Shareholder Mechanisms
Shareholder engagement involves a company's interactions with its shareholders. It can provide benefits that include building support against short-term activist investors, countering negative recommendations from proxy advisory firms, and receiving greater support for management's position.
Shareholder activism encompasses a range of strategies that may be used by shareholders seeking to compel a company to act in a desired manner. It can take any of several forms: proxy battles, public campaigns, shareholder resolutions, litigation, and negotiations with management.
Corporate takeovers can happen in different ways: proxy contest or proxy fight, tender offer, hostile takeover, etc. The justification for the use of various anti-takeover defenses should rest on the support of the majority of shareholders and on the demonstration that preservation of the integrity of the company is in the long-term interests of shareholders.
Creditor Mechanisms
Creditor rights are established by laws, which vary among jurisdictions. Lenders also seek to protect their interests by including certain terms and conditions in their contractual agreements with borrowers (e.g. bond indentures).

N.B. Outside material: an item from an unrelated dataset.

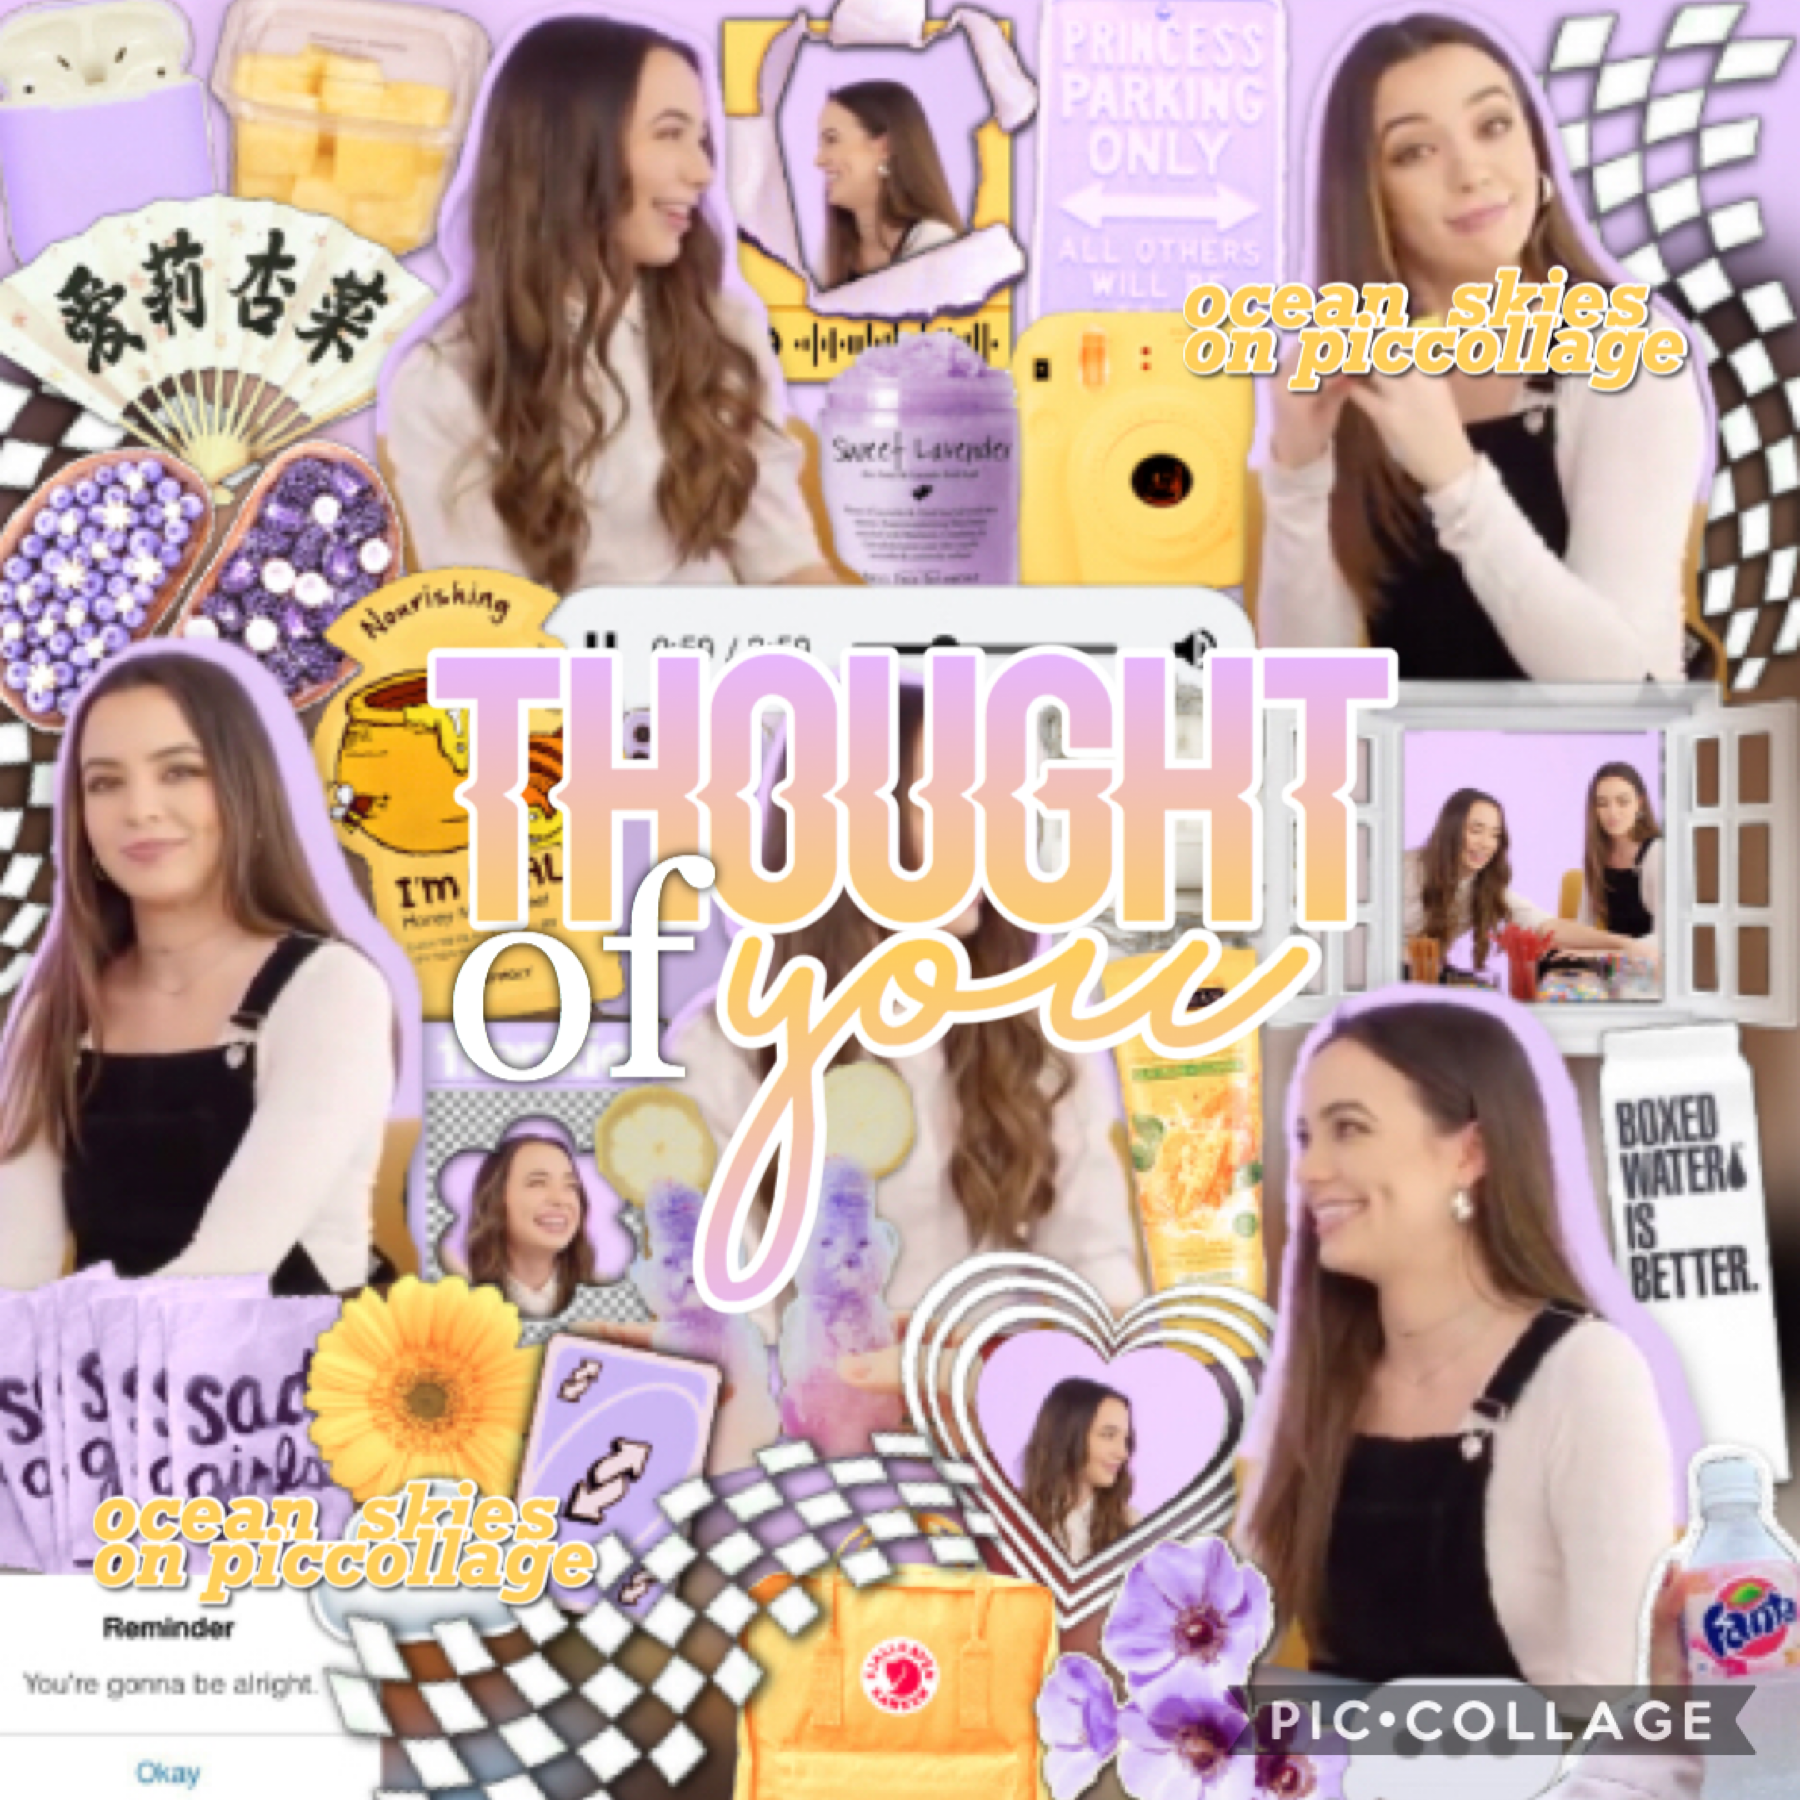 t a p
this took me forever and idek why 🥴 tbh i don’t like it that much, also considering making an mxmtoon theme where i only edit mxmtoon bEcaUsE her song audio videos are good for editing. that was longgg sorry 💖

Board of Directors and Committees
A board of directors is the central pillar of the governance structure, serves as the link between shareholders and managers, and acts as the shareholders' internal monitoring tool within the company.
The structure and composition of a board of directors vary across countries and companies. The number of directors may vary, and the board typically includes a mix of expertise levels, backgrounds, and competencies. Board members must have extensive experience in business, education, the professions and/or public service so they can make informed decisions about the company's future. If directors lack the skills, knowledge and expertise to conduct a meaningful review of the company's activities, and are unable to conduct in-depth evaluations of the issues affecting the company's business, they are more likely to defer to management when making decisions.
Two primary duties of a board of directors are duty of care and duty of loyalty.
A company's board of directors typically has several committees that are responsible for specific functions and report to the board.
- The audit committee plays a critical role in ensuring the corporation's financial integrity and consideration of legal and compliance issues. The primary objective is to ensure that the financial information reported by the company to shareholders is complete, accurate, reliable, relevant, and timely.
- The governance committee tries to ensure that the company adopts good corporate governance practices.
- The remuneration (compensation) committee develops and implements executive compensation policies. Incentives should be provided for actions that boost long-term share profitability and value.
- The nomination committee searches for and nominates board director candidates, and establishes the nomination policies and procedures.
- Other common committees include those responsible for overseeing management's activities in certain areas, such as mergers and acquisitions, legal matters, and risk management.
Employee Mechanisms
Companies manage relationships with their employees to ensure that they are in compliance with all relevant laws and to verify that employees are fulfilling their responsibilities. Employee Stock Ownership Plans (ESOPs) may be used to attract and retain talented employees.
Customer and Supplier Mechanisms
Customers and suppliers will be wary of dealing with companies that have a reputation for breaching the terms of their (supplier) contracts.
Government Mechanisms
Governments enact laws and monitor companies for compliance. A company's corporate governance practices should be consistent with relevant legal and regulatory standards.